Task goal ▸
Print nothing beyond the line with "popped collar polo shirt look of the 80s": every line from the beginning of the data up to it, that line included, and no pictures.

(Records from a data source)
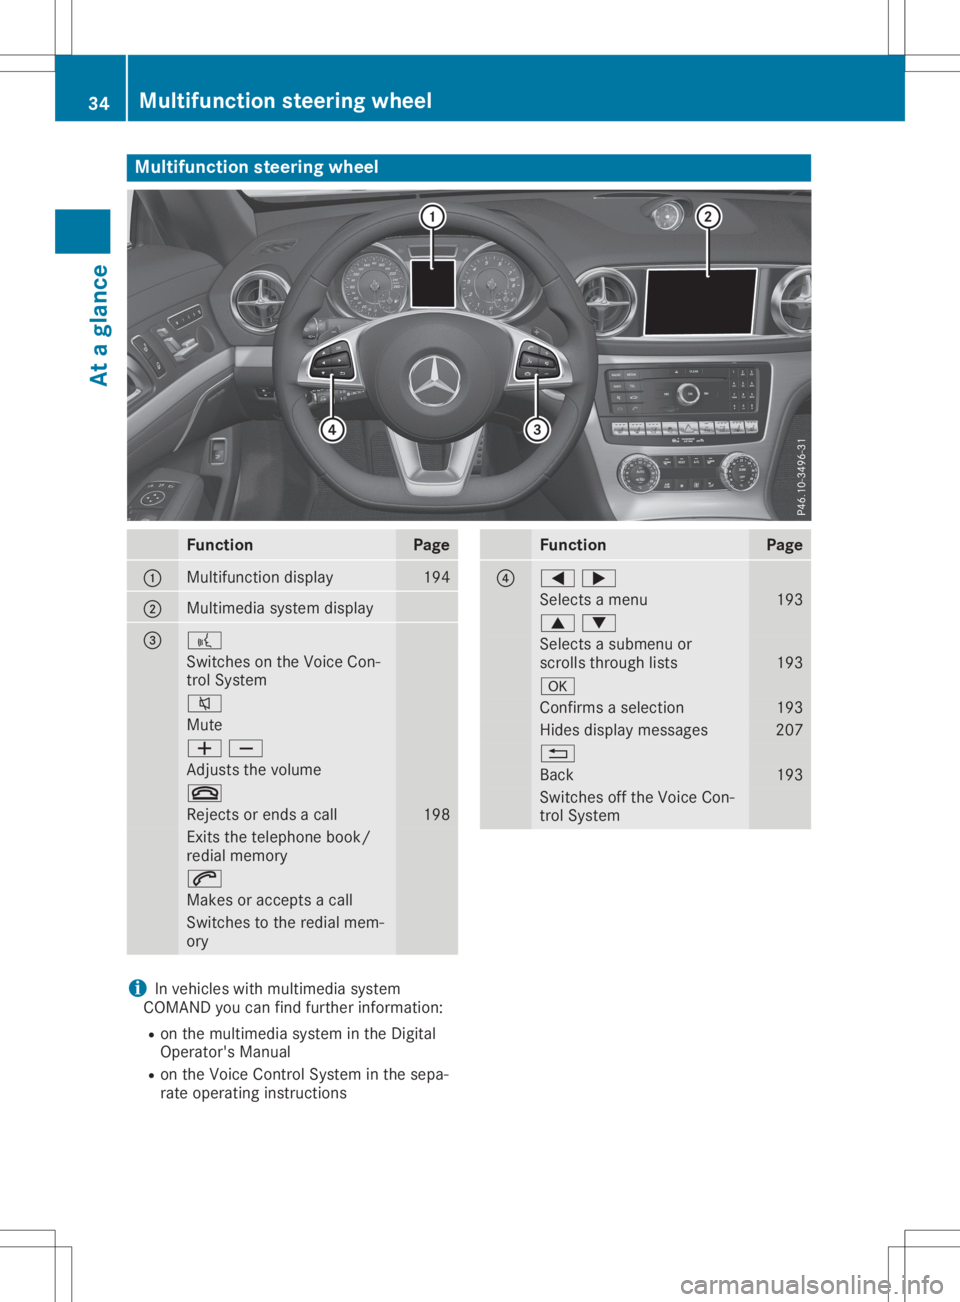 MERCEDES-BENZ SL CLASS 2020  Owners Manual Multifunc
tionsteering wheel Func
tion Page
0043
Mul
tifunction display 194
0044
Mul
timedi asystem display 0087 0059
Switches
onthe Voice Con-
trol System 0063
Mute
00810082
Adju
ststhe volum e 0076
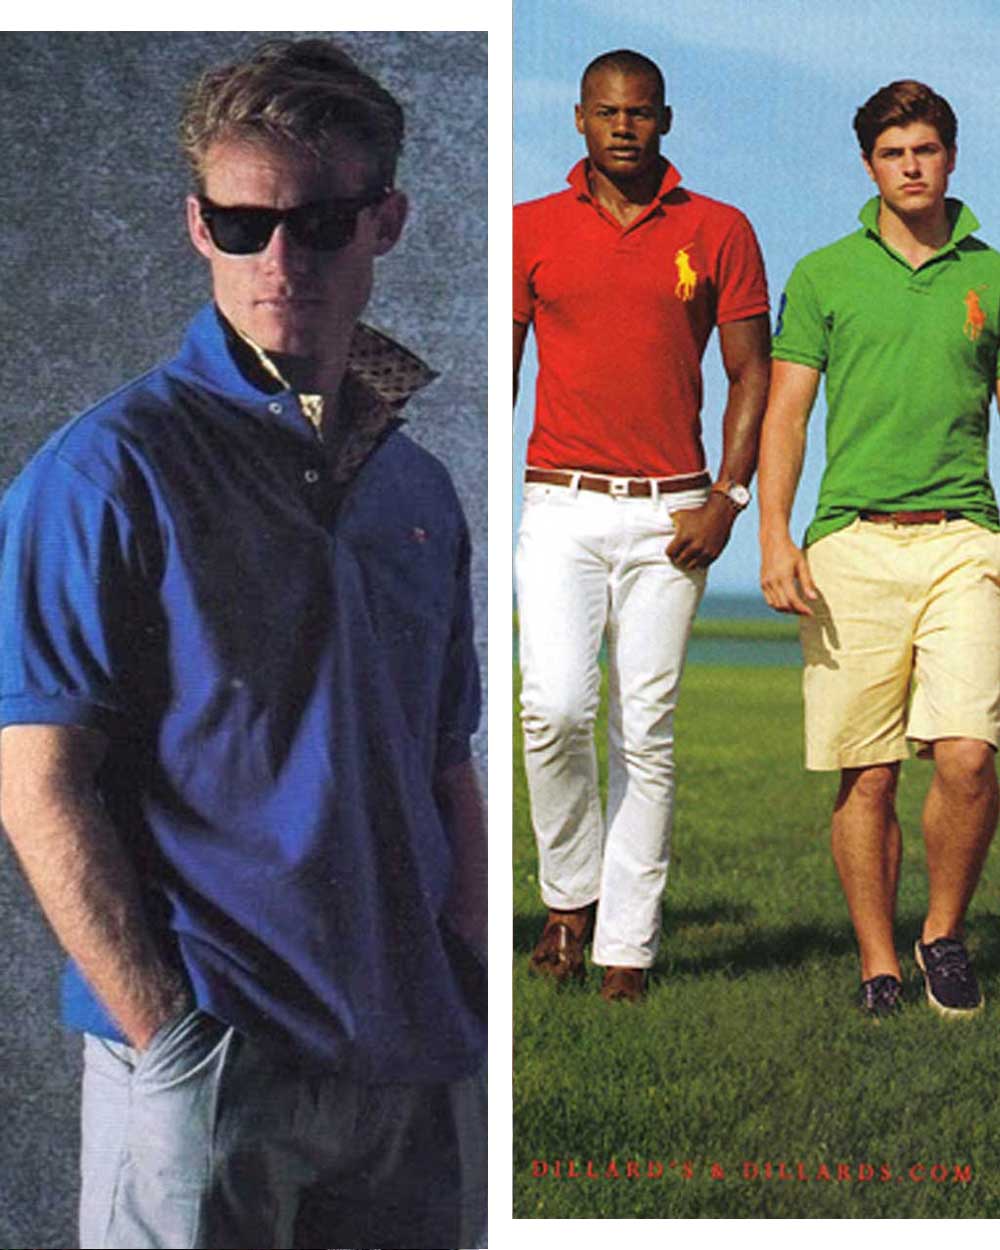 popped collar polo shirt look of the 80s
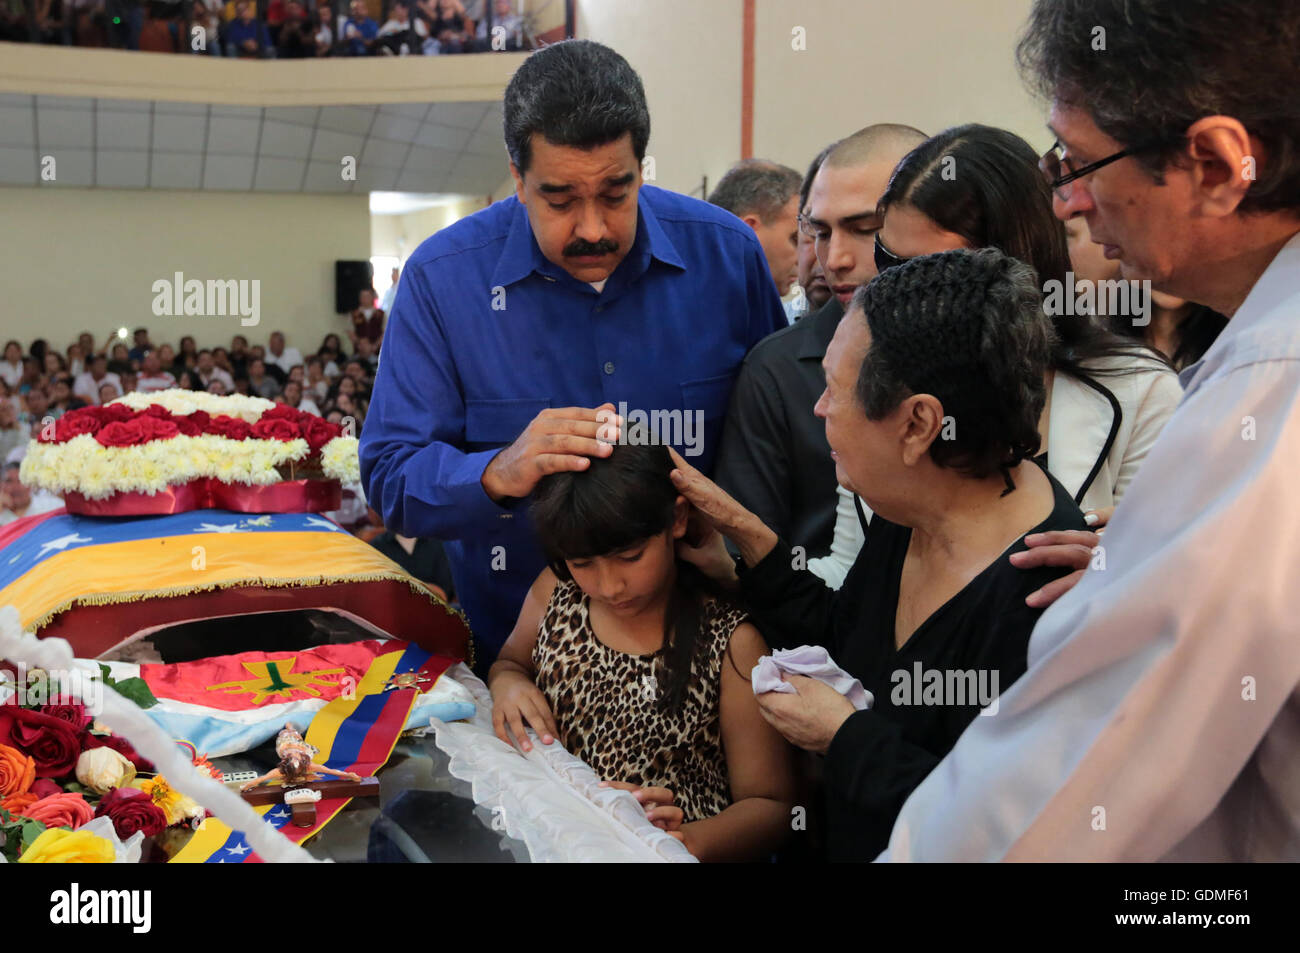 Barinas, Venezuela. 19th July, 2016. Image provided by the Venezuelan Presidency shows President Nicolas Maduro (R) interacting with a girl during the funeral of Anibal Chavez, brother of late Venezuelan President Hugo Chavez, at Casa del Alba, in Barinas, Venezuela, on July 19, 2016. Credit:  Venezuela's Presidency/Xinhua/Alamy Live News Stock Photo

Response area ▸
 MERCEDES-BENZ SL CLASS 2020  Owners Manual Multifunc
tionsteering wheel Func
tion Page
0043
Mul
tifunction display 194
0044
Mul
timedi asystem display 0087 0059
Switches
onthe Voice Con-
trol System 0063
Mute
00810082
Adju
ststhe volum e 0076
 popped collar polo shirt look of the 80s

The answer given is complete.